# Stat 3011 (Geyer) In-Class Examples (Chapter 2)

## General Instructions

To do each example, just click the "Submit" button. You do not have to type in any R instructions (that's already done for you). You do not have to select a dataset (that's already done for you).

## Dot Plots (Strip Charts)

### Datasets from Wild and Seber

Exercises for Section 2.3.1 (p. 49) unemploy.txt

### Comments

• The square brackets select a subset of the values of the variable `unemploy`, those for which the variable `group` has the value `"eec"`. This is documented on the R on-line help for square brackets and relational operators. To see that these are indeed the data you are to plot, look at the data file unemploy.txt.
• R does not seem to have any way to put the labels on the plot requested by this exercise.
• The on-line help for stripchart gives optional arguments. The optional argument `method="stack"` is necessary if the numbers being plotted are not all different.

## Stem-and-Leaf Plots

### Datasets from Wild and Seber

Table 2.3.1 (p. 53) trfdeath.txt

### Comments

• The additional argument `scale=3` to the `stem` function is necessary so that R will draw the same stem-and-leaf plot as in the textbook. This is documented on the R on-line help for stem.

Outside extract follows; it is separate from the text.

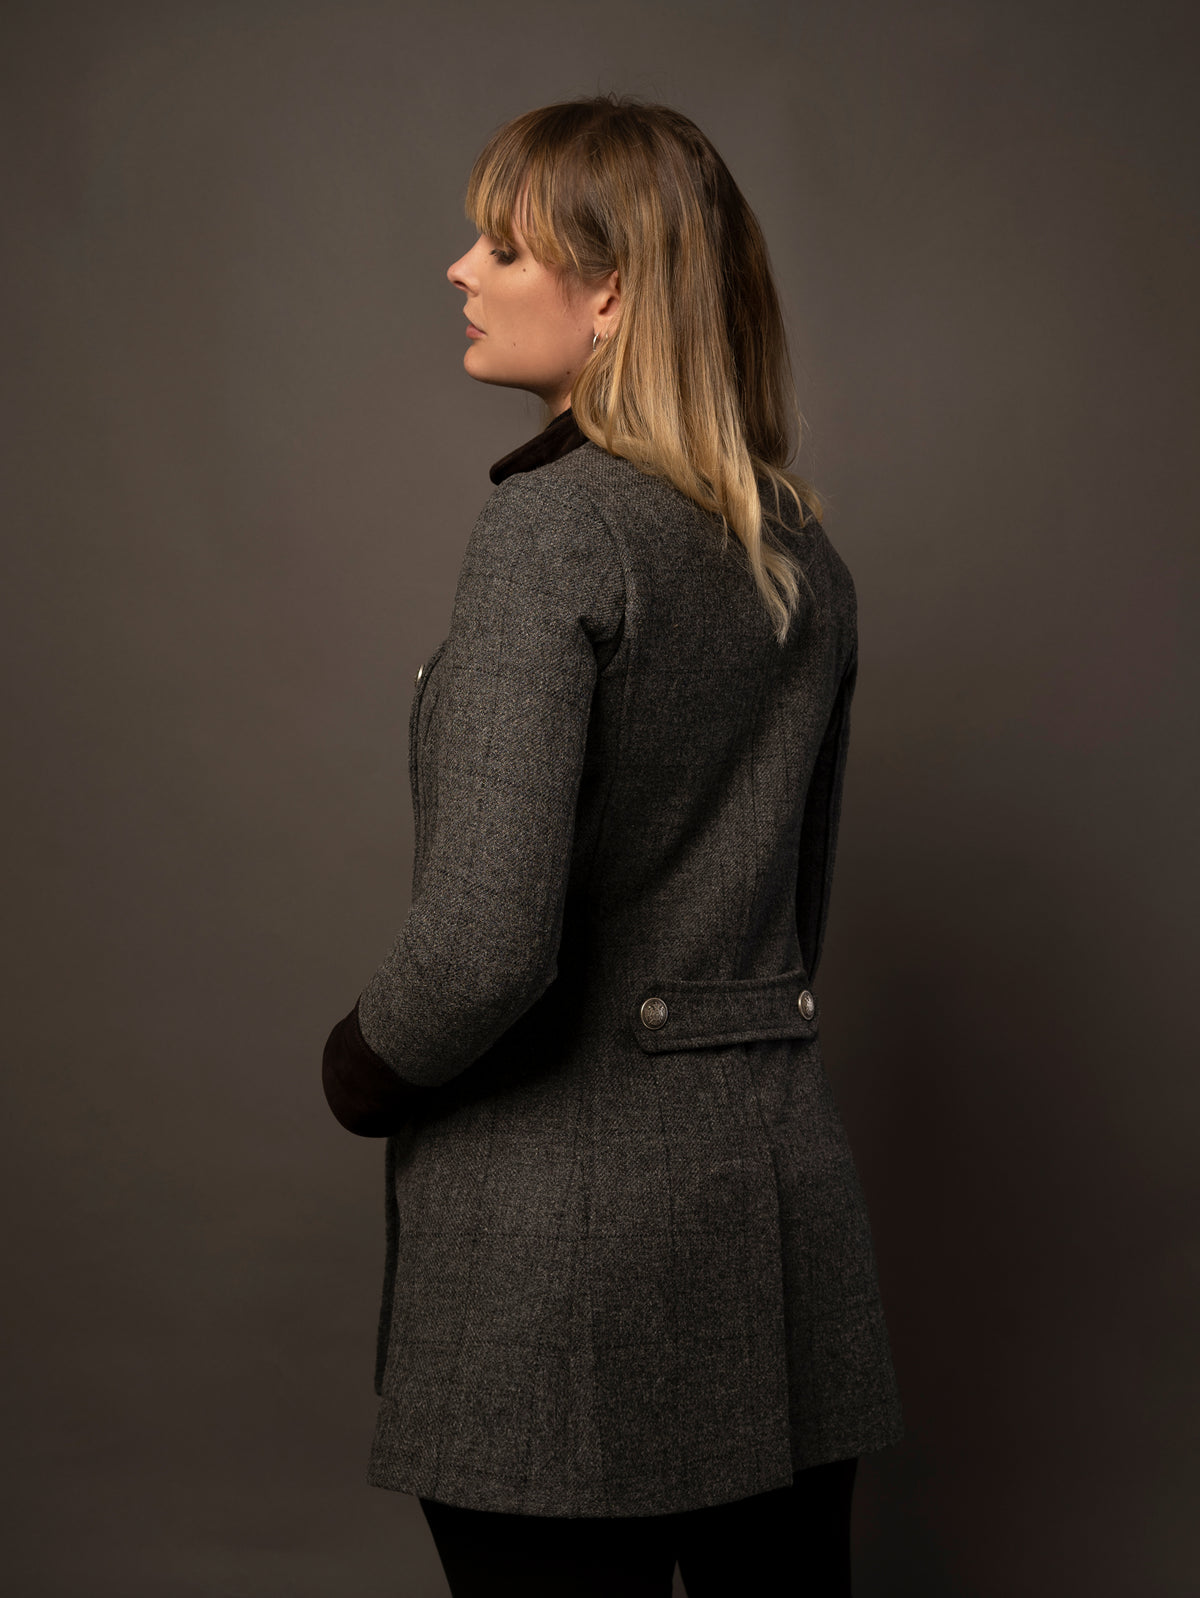 grey tweed and suede coat in a military style. made in the uk

There is no way to tell exactly what any particular value of the `scale` argument does. You just have to experiment until you get a plot that you like.

## Histograms

### Datasets from Wild and Seber

Table 2.3.2 (p. 56) coyote.txt

### Comments

• The square brackets select a subset of the values of the variable `length`, those for which the variable `gender` has the value `"female"`. This is just like the dot plot example. To see that these are indeed the data you are to plot, look at the data file coyote.txt.
• The additional argument `right=FALSE` to the `hist` function is necessary so that R will draw the same histogram as in the textbook. This is documented on the R on-line help for hist.

There is no reason to prefer the histogram you get with `right=TRUE` over the default behavior `right=FALSE`. Thus there is no reason to use this argument if you don't want to. We only used it to match the illustration in the textbook.

## Numerical Summaries

### Datasets from Wild and Seber

Table 2.1.1 (p. 39) heart.txt

### Comments

• `summary` calculates the "five number summary" (actually six numbers), described on pp. 61-69 of Wild and Seber. Some of the individual numbers in the "five number summary" are calculated by the following four lines
• `mean` calculates the mean.
• `median` calculates the median.
• There is no R function that calculates just quartiles. However, the `quantile` function calculates arbitrary quantiles (p. 244 ff. in Wild and Seber).
• `quantile(x, 0.25)` calculates the lower quartile (also called the 0.25 quantile or the 25th percentile) of the variable `x`.
• `quantile(x, 0.75)` calculates the lower quartile (also called the 0.75 quantile or the 75th percentile) of the variable `x`.
• `sd` calculates the standard deviation.
• `IQR` calculates the interquartile range (IQR).

## Data Entry

(none)

### Comments

• Note that R disagrees with the answer in the textbook about the upper quartile (technically, R is right and the textbook is wrong).
• The first command `x <- c(1, 2, 2, 5, 8, 8, 11, 12, 14)` inputs the data for this problem (we just type it in rather than read it from some file on the web). The symbol `<-` is the R assignment operator. The function `c` "collects" a bunch of numbers into one data vector.
• The `summary` command is explained in the numerical summaries example.
• Note that any variable name will do. Call it what you like (any word with any numbers or letters, upper or lower case, starting with a letter), for example `fred`.
```fred <- c(1, 2, 2, 5, 8, 8, 11, 12, 14)
summary(fred)
```
Does exactly the same thing as the example.

Note that upper and lower case are different, that is, `Fred` with a capital "F" is a different variable.

## Bar Plots (Bar Graphs)

### Datasets from Wild and Seber

Table 2.5.2 (p. 78) fishspec.txt

### Comments

• The first command `names(freq) <- nstrata` associates the names of the strata with the frequencies. The symbol `<-` is the R assignment operator.
• The `barplot` command draws the barplot. This is documented on the R on-line help for barplot.